# Wingshooter RH Walnut TTF Slingshot Review



## Pilgrim (May 3, 2014)

Good Day All,

Just wanted to give a big shout out to Roger, for an outstanding shooter. I got a RH, walnut, with TTF set up, and this is a very comfortable, accurate and fun to shoot shooter. Took a few shots to get lined up, but it is really fast and fun. It is nice when you don't have to worry about fliers, fork hits or RTS; can just keep shooting and having fun. The set up process is pretty simple as well. Highly recommend these shooters. Peace!


----------



## treefork (Feb 1, 2010)

Congratulations and have fun !


----------



## GrayWolf (May 14, 2012)

Nice looking shooter!
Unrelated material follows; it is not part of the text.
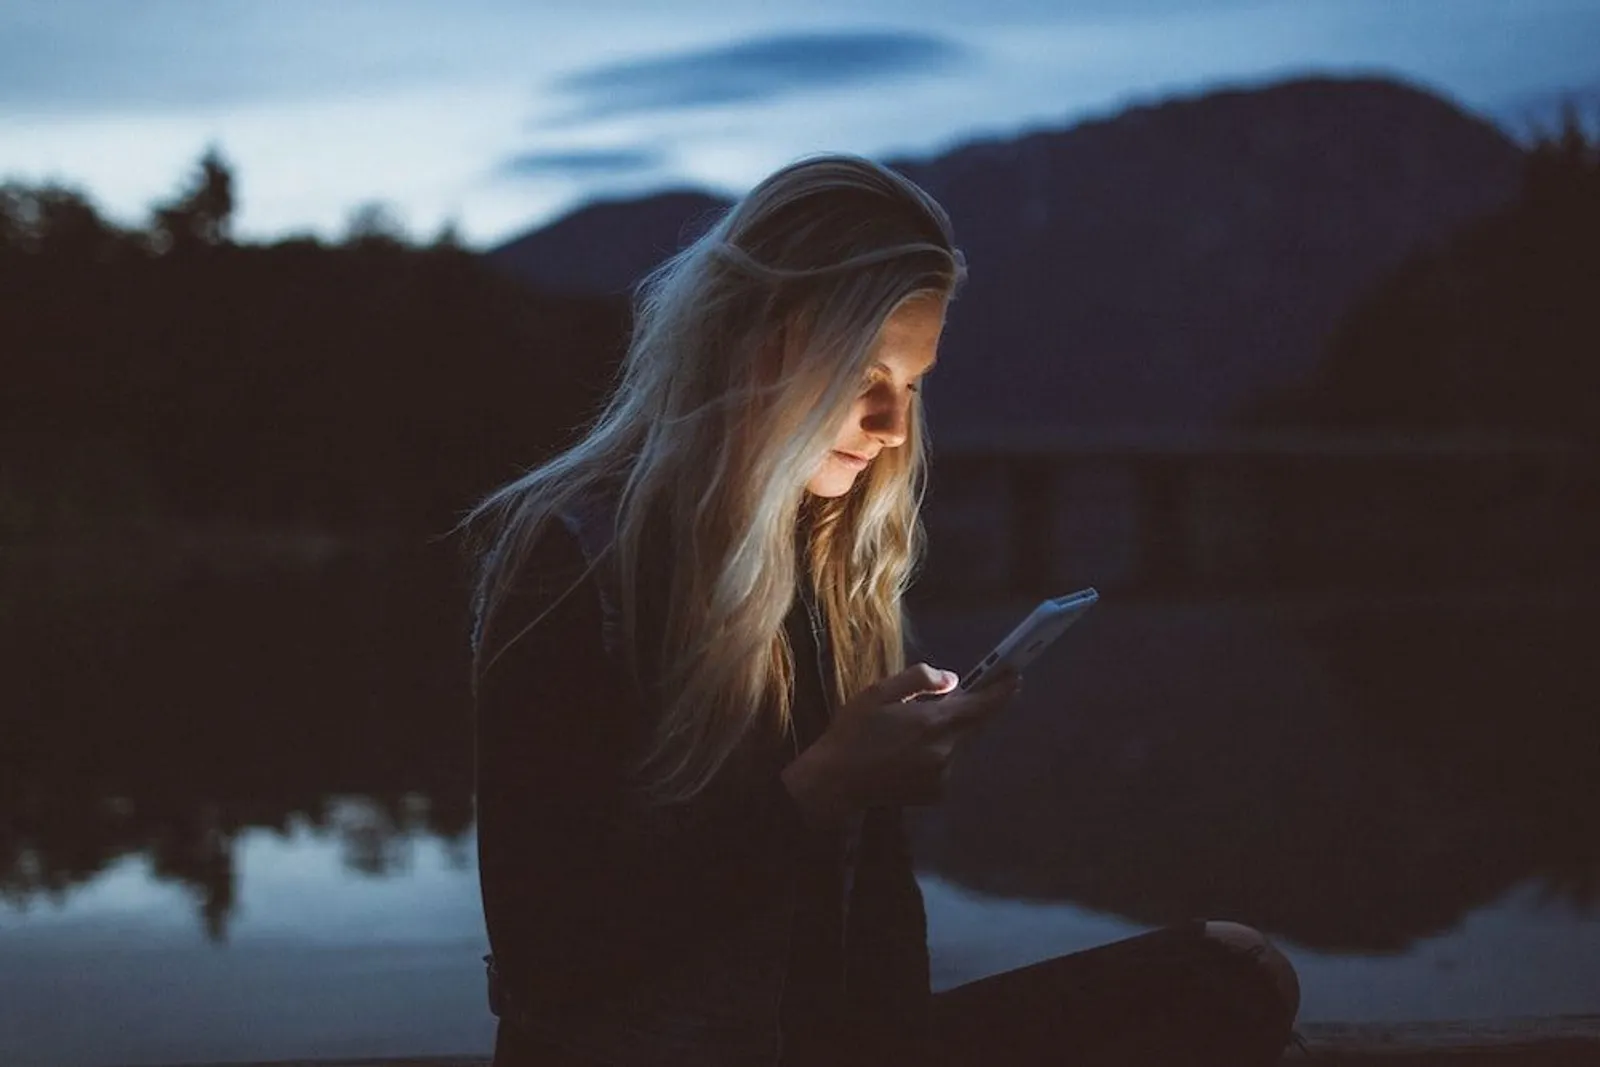 Chat Mulai Membosankan? Ini 9 Cara Mengatasi Dry Texting di Dating App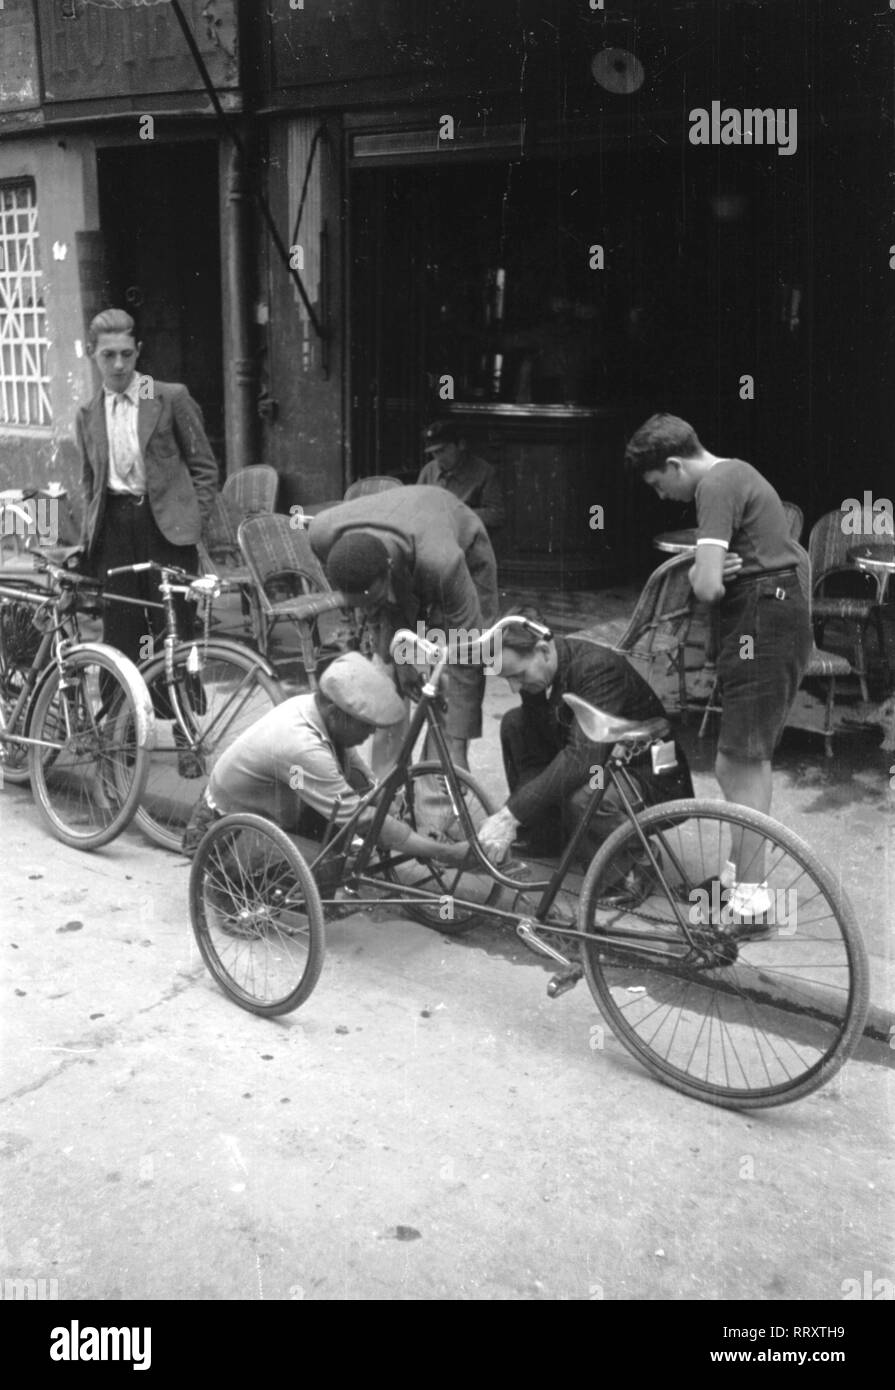 Men - Männer beim Reparieren eines Fahrrads, 1950er Jahre. Men repairing a trcycle, ca. 1950s. Stock Photo

I love Roger's work.

Todd


----------



## oldmiser (Jan 22, 2014)

yup it is a great shooter...No worry about forks hits!!!..hey my friend let me tell ya I can do it ..I have over 20 hits on my RH frame....

But I was doing alot of things wrong for shooting...for me I have to shoot it straight up...I can not shoot it sideways..no matter what I do

that's how I get fork hits.....

Any way my friend enjoy the great shooter..yup very accurate...sorry to ramble on..~AKAOldmiser


----------